Task to complete
Find the line containing "Initial Letter CL" in the entries below. Restate it and each line after it, word for word, up to and including the line containing "Globusbar avec table".

------ Supplied material ------

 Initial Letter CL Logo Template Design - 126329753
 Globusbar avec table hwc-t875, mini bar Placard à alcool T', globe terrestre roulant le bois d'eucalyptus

------
------ Supplied material ------

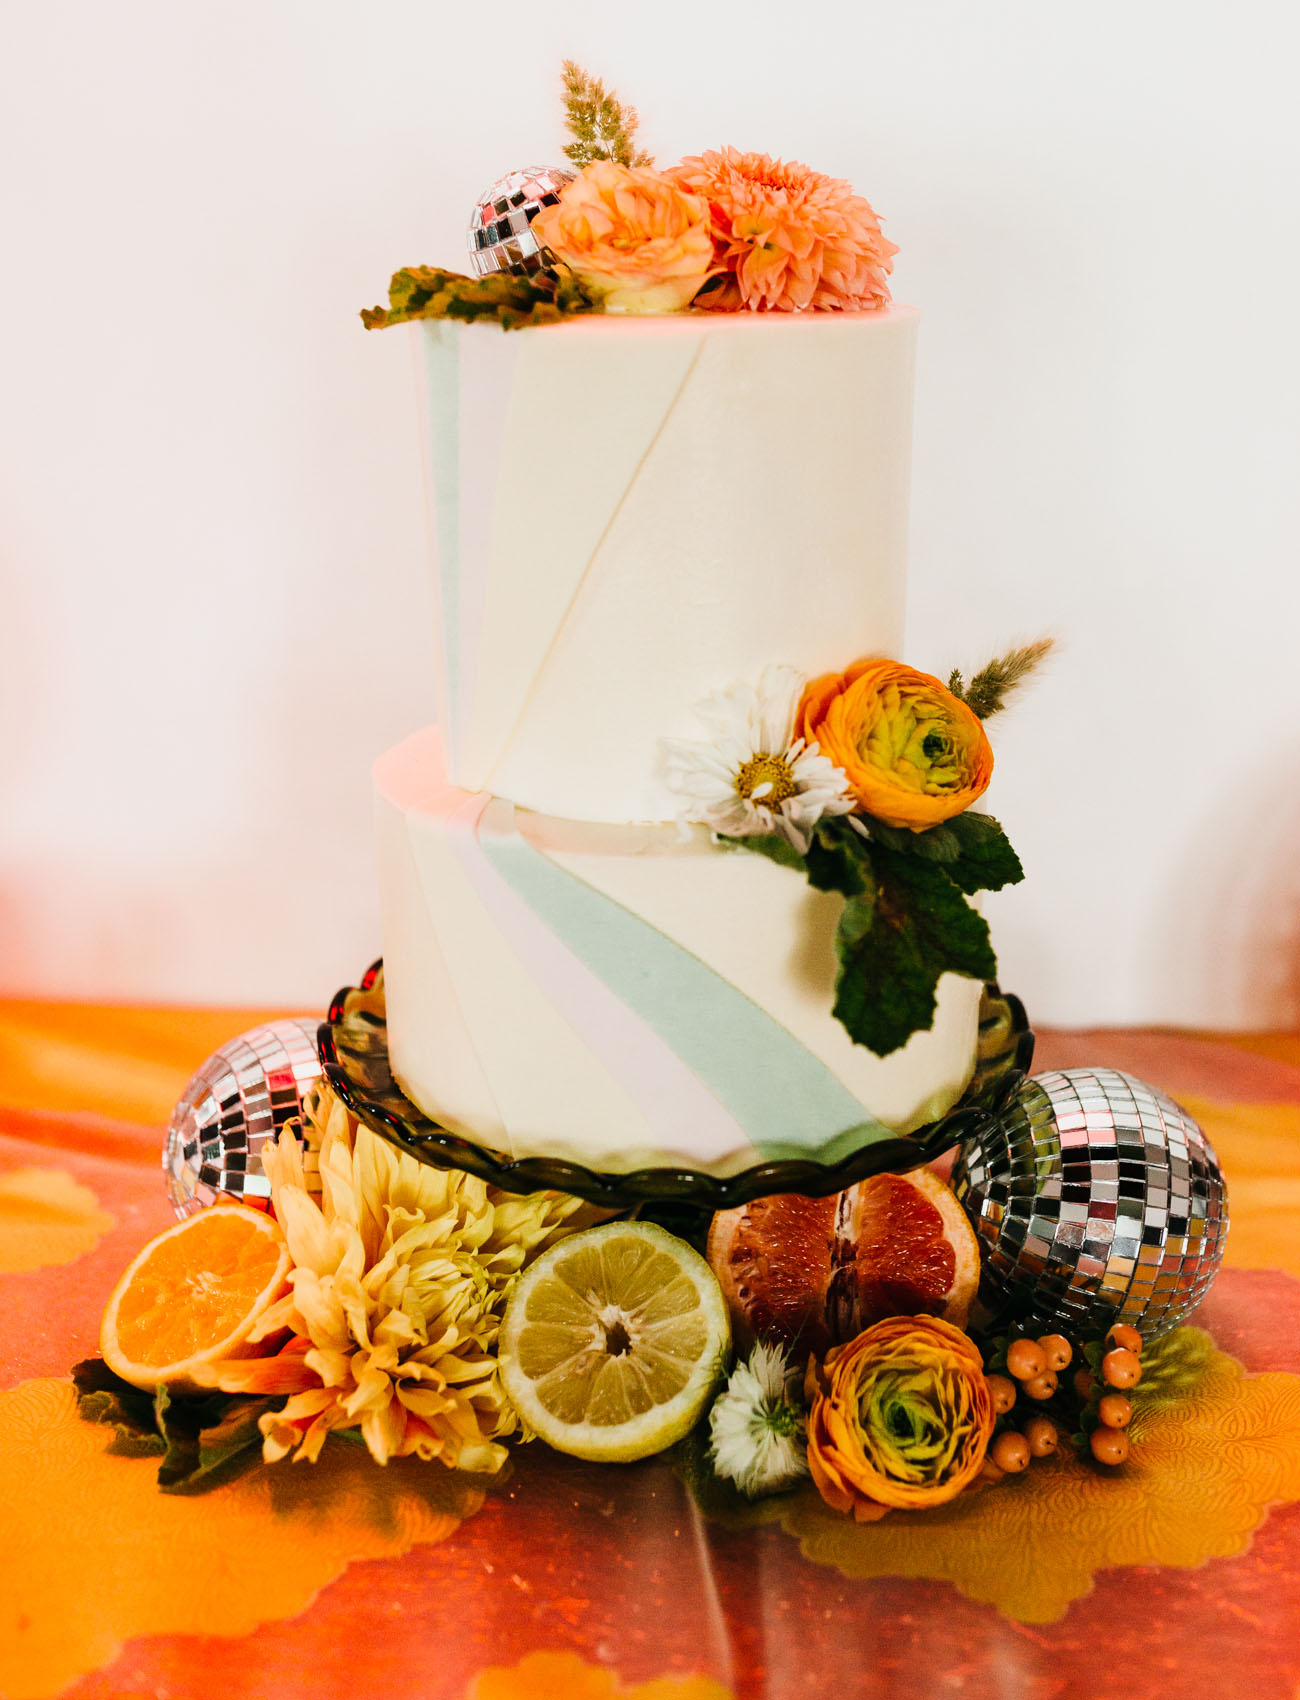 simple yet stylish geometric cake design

------
------ Supplied material ------

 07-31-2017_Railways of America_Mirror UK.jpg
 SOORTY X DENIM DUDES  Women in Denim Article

------

Your response
 Initial Letter CL Logo Template Design - 126329753
 Globusbar avec table hwc-t875, mini bar Placard à alcool T', globe terrestre roulant le bois d'eucalyptus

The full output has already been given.